RECORD LOCKS space id 347 page no 14 n bits 72 index PRIMARY of table `xa`.`t1` trx id 2238923 lock_mode X locks rec but not gap
Record lock, heap no 2 PHYSICAL RECORD: n_fields 4; compact format; info bits 0
 0: len 4; hex 80000006; asc     ;;
 1: len 6; hex 0000002229cb; asc    ") ;;
 2: len 7; hex ee000001d80110; asc        ;;
 3: len 30; hex 616161616161616161616161616161616161616161616161616161616161; asc aaaaaaaaaaaaaaaaaaaaaaaaaaaaaa; (total 8000 bytes);
[30 Aug 2017 23:17] Kenny Gryp
Given the fact that this is also a 'supremum pseudo-record' issue. This bug might be very likely related: https://bugs.mysql.com/bug.php?id=86486
[30 Aug 2017 23:19] Kenny Gryp
NOTE FOR PEOPLE HAVING THIS ISSUE: 

You can 'workaround' this issue by restarting the database, which causes the locks by the XA transaction that is already prepared to be gone and replication will just continue.
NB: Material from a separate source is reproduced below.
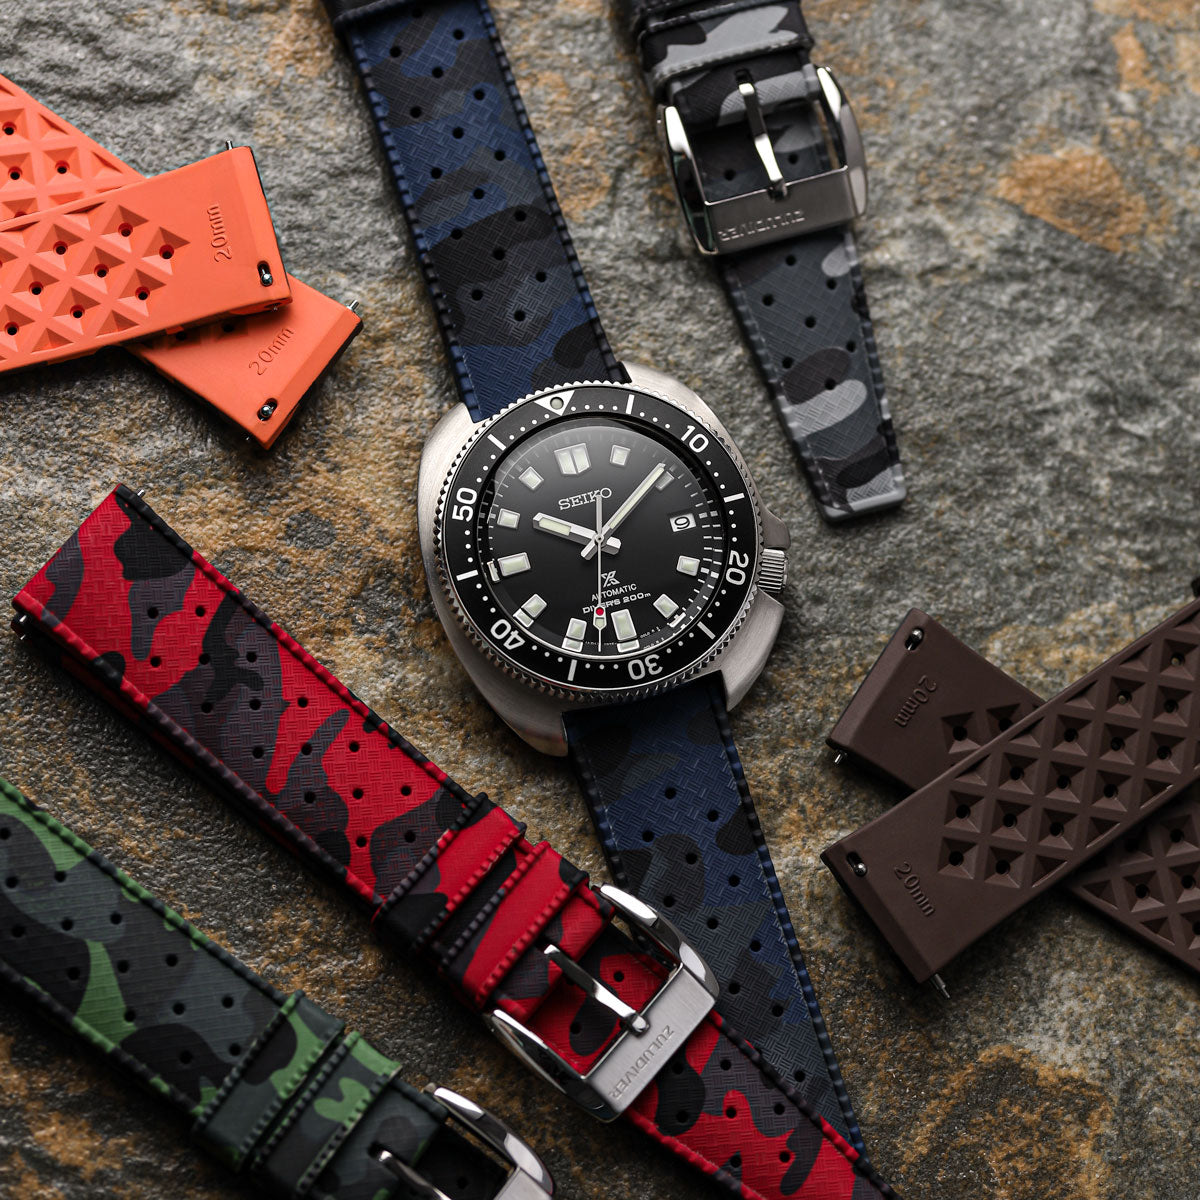 ZULUDIVER Tropical Style Camo Rubber Watch Strap - Grey - additional image 2

(no need to restore slaves from backups, skip binlog events...)
[27 Sep 2017 23:21] Vlad Lesin
The issue has been already fixed in 5.7.18 with the following commit:

commit c90aba97ee76f65770f6b4641edef1c32db58279
Author: Debarun Banerjee <debarun.banerjee@oracle.com>
Date: Sun Nov 13 10:31:35 2016 +0530

    BUG#25082593 FOREIGN KEY VALIDATION DOESN'T NEED TO ACQUIRE GAP LOCK
                 IN READ COMMITTED
[18 Oct 2017 11:27] Kenny Gryp
The test case from Laurynas does not fail in 5.7.19. IMO this bug can be closed as fixed.
[31 Oct 2017 0:48] Jesper wisborg Krogh
Posted by developer:
 
The test case does not reproduce for me in 5.7.18. I agree, this is most likely a duplicate of Bug 25082593 which was fixed in 5.7.18 with the following change log entry:

A gap lock was taken unnecessarily during foreign key validation while
using the READ COMMITTED isolation level.